Applying early warning indicators to predict critical transitions in a lake undergoing multiple changes.

机构信息

Department of Biology, Trent University, Peterborough, Ontario, Canada.

Ontario Ministry of the Environment, Conservation and Parks, Toronto, Ontario, Canada.

出版信息

Ecol Appl. 2022 Oct;32(7):e2685. doi: 10.1002/eap.2685. Epub 2022 Jul 24.

Abstract

Lakes are dynamic ecosystems that can transition among stable states. Since ecosystem-scale transitions can be detrimental and difficult to reverse, being able to predict impending critical transitions in state variables has become a major area of research. However, not all transitions are detrimental, and there is considerable interest in better evaluating the success of management interventions to support adaptive management strategies. Here, we retrospectively evaluated the agreement between time series statistics (i.e., standard deviation, autocorrelation, skewness, and kurtosis-also known as early warning indicators) and breakpoints in state variables in a lake (Lake Simcoe, Ontario, Canada) that has improved from a state of eutrophication.
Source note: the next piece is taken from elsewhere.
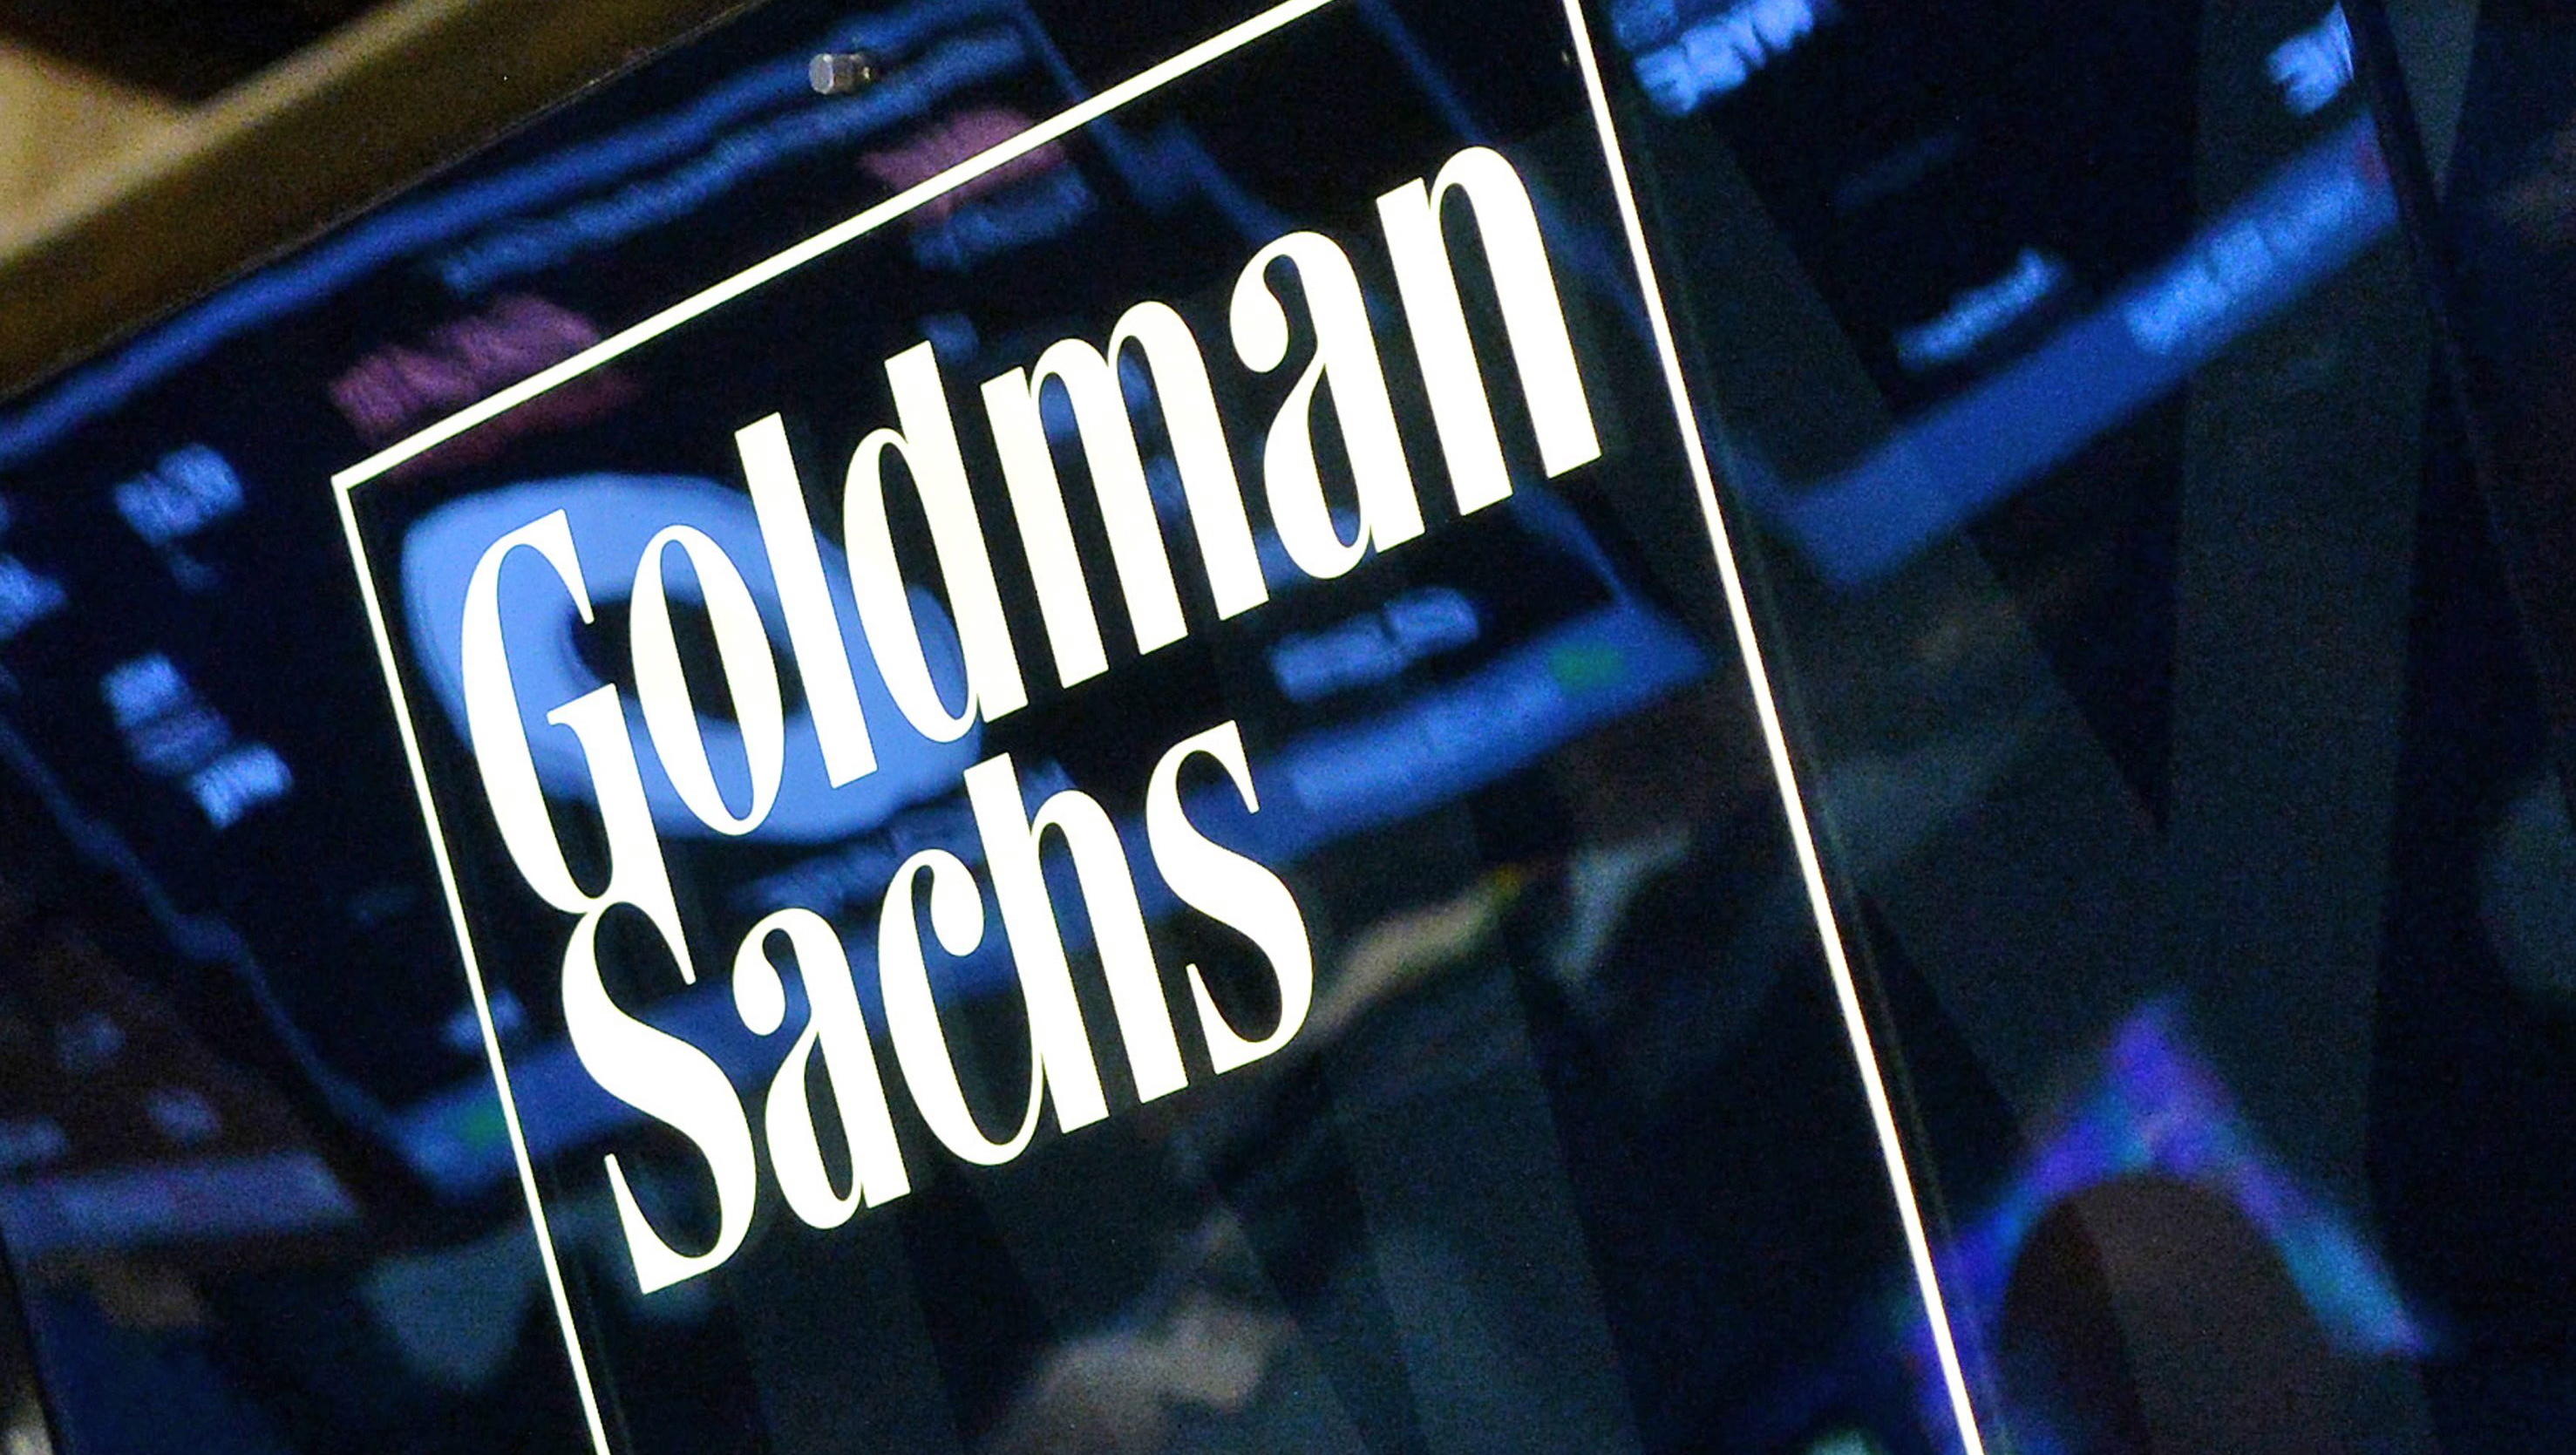 Goldman Sachs erwartet starke Erholung der Öl-Nachfrage

Long-term (1980 to 2019) monitoring data collected fortnightly throughout the ice-free season were used to evaluate historical changes in 15 state variables (e.g., dissolved organic carbon, phosphorus, chlorophyll a) and multivariate-derived time series at three monitoring stations (shallow, middepth, deep) in Lake Simcoe. Time series results from the two deep-water stations indicate that over this period Lake Simcoe transitioned from an algal-dominated state toward a state with increased water clarity (i.e., Secchi disk depth) and silica and lower nutrient and chlorophyll a concentrations, which coincided with both substantial management intervention and the establishment of invasive species (e.g., Dreissenid mussels). Consistent with improvement, Secchi depth at the deep-water stations demonstrated expected trends in statistical indicators prior to identified breakpoints, whereas total phosphorus and chlorophyll a revealed more nuanced patterns. Overall, state variables were largely found to yield inconsistent trends in statistical indicators, so many breakpoints were likely not reflective of traditional bifurcation critical transitions. Nevertheless, statistical indicators of state variable time series may be a valuable tool for the adaptive management and long-term monitoring of lake ecosystems, but we call for more research within the domain of early warning indicators to establish a better understanding of state variable behavior prior to lake changes.

摘要

湖泊是动态的生态系统,可以在稳定状态之间转变。由于生态系统规模的转变可能有害且难以逆转,因此能够预测状态变量即将发生的关键转变已成为一个主要的研究领域。然而,并非所有转变都是有害的,人们对更好地评估管理干预措施的成功以支持适应性管理策略的兴趣也很大。在这里,我们回顾性地评估了时间序列统计数据(即标准差、自相关、偏度和峰度——也称为预警指标)与安大略省西蒙湖(加拿大)状态变量中的转折点之间的一致性,该湖的富营养化状态已经得到改善。长期(1980 年至 2019 年)监测数据每两周在整个无冰季节收集一次,用于评估西蒙湖 15 个状态变量(例如溶解有机碳、磷、叶绿素 a)和多维衍生时间序列的历史变化在西蒙湖的三个监测站(浅、中深、深)。来自两个深水站的时间序列结果表明,在此期间,西蒙湖从藻类占主导地位的状态转变为具有更高水清晰度(即塞奇盘深度)和硅以及较低养分和叶绿素 a 浓度的状态,这与大量管理干预和入侵物种的建立(例如,贻贝)相吻合。与改善一致,深水站的塞奇深度在确定的转折点之前显示出统计指标的预期趋势,而总磷和叶绿素 a 则显示出更为微妙的模式。总体而言,状态变量在统计指标上主要表现出不一致的趋势,因此许多转折点可能不是传统二分叉关键转变的反映。尽管如此,状态变量时间序列的统计指标可能是湖泊生态系统适应性管理和长期监测的有价值工具,但我们呼吁在预警指标领域进行更多研究,以在湖泊变化之前更好地了解状态变量的行为。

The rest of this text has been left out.